Château d’eau de la ville de Bassens, visible depuis la cour de mon atelier. Lors de la résidence Prismes. Invitation BAM Project (2025)
Portraits de collégien/nes réalisés le temps de chaque récréation de 16h. Lors de la résidence au collège Pierre Labitrie, invitation du BBB Centre d’art (2022)
Paysages réalisés du village de Saint-Cirq-Lapopie. Lors de la résidence d’automne aux Maisons Daura, Saint-Cirq_Lapopie (2020)

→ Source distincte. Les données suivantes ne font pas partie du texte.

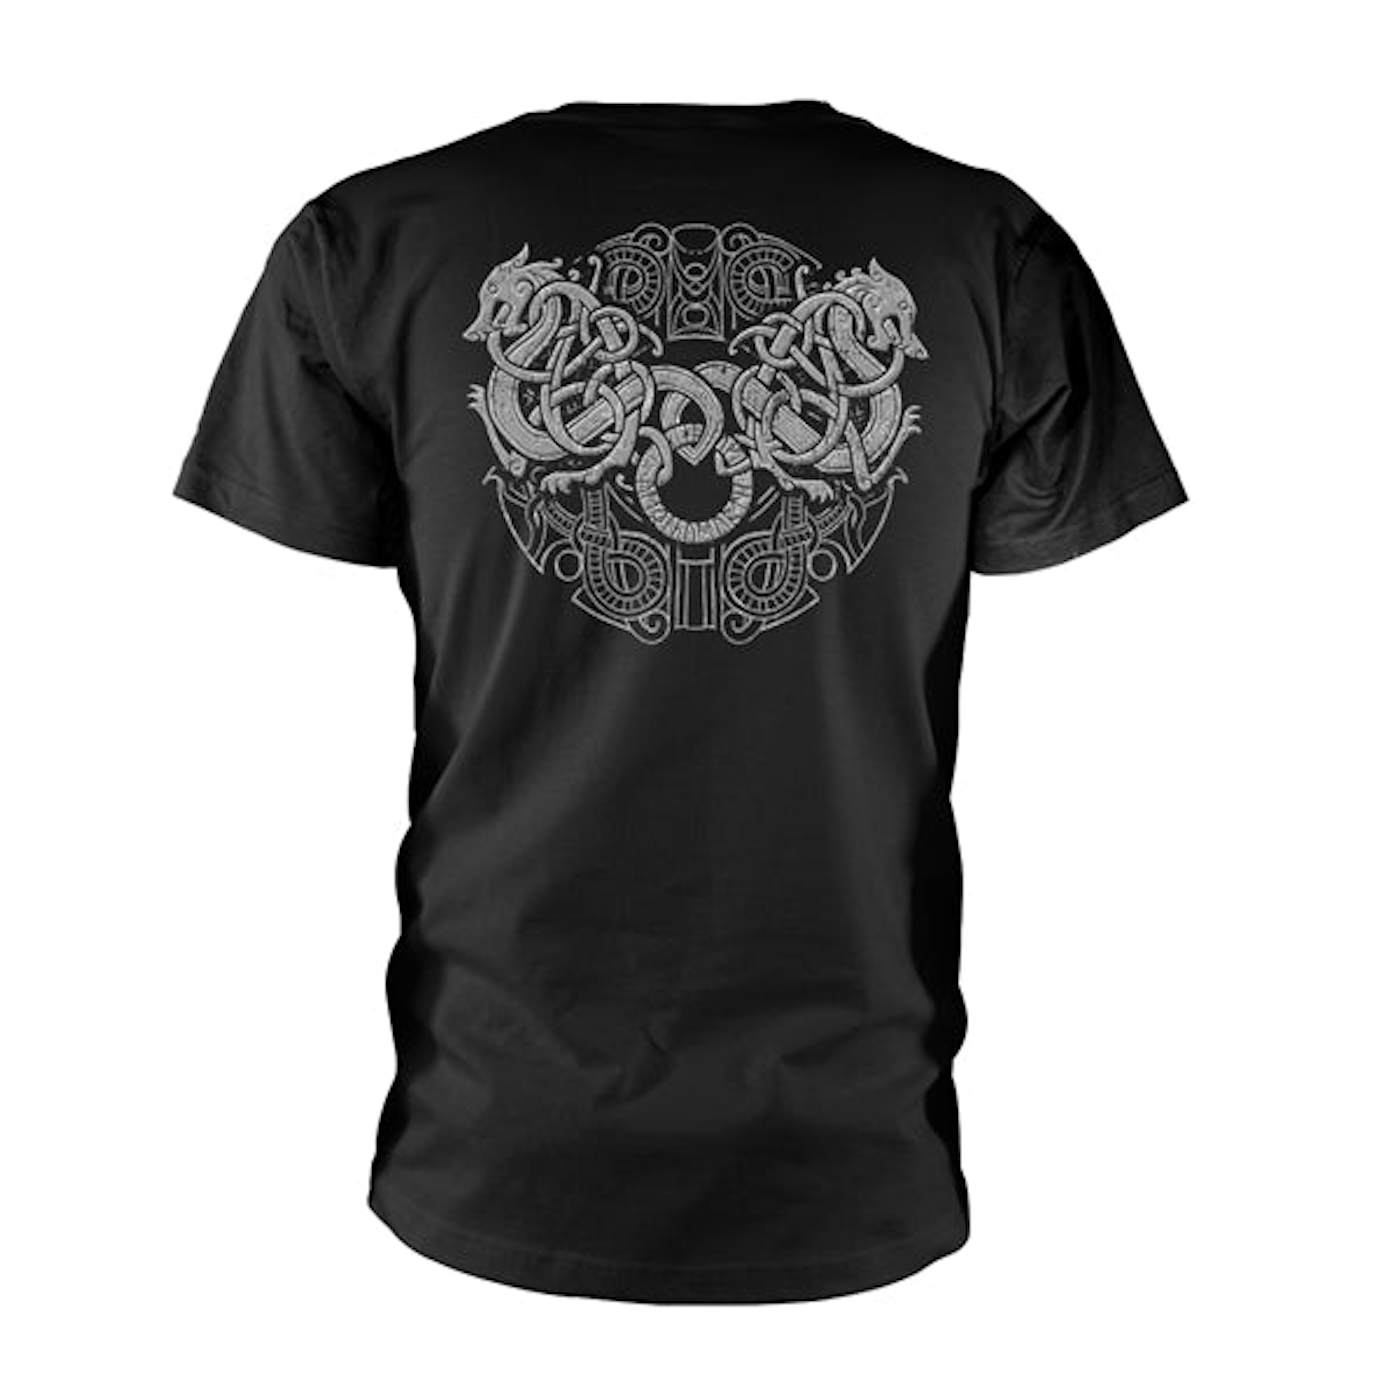 Amon Amarth T Shirt - Grey Skull

Ne pas s’autoriser la panne, la page blanche. Toujours peindre, encore peindre, continuer à peindre. J’ai souvent voulu explorer l’épuisement à travers la peinture. Faire en sorte que mon corps lâche devant le tableau, pinceau à la main. Ici il n’est pas vraiment question de ça en faite... Il est justement question de prendre l’air, de s’autoriser une pause. Celle du goûter, celle du casse-croûte, celle de la récréation. Pour chacune de mes résidences je réitèrerais cette série . Il faut que ce soit rapide, que ce soit comme une pause, il faut que ce soit un exercice, une mission. Je met donc en place, un protocole : tous les jours, en milieu d’après midi,à l’heure du goûter je prendrais une chute de bois, des restes de peinture choisi aux hasard, un pinceau, un verre d’eau et j’irai dehors capturer un morceau du village, du paysage. Pas de dessin au préalable, juste le pinceau et la peinture. Je subis les couleurs qui n’auront peut-être aucune cohérence avec le sujet choisi, je subis la peinture qui ne sèche pas assez vite et qui se mélange avec les autres peintures, je subis un pinceau qui se lave mal et qui garde les pigments de la couleur précédente.. je subis mais je m’autorise.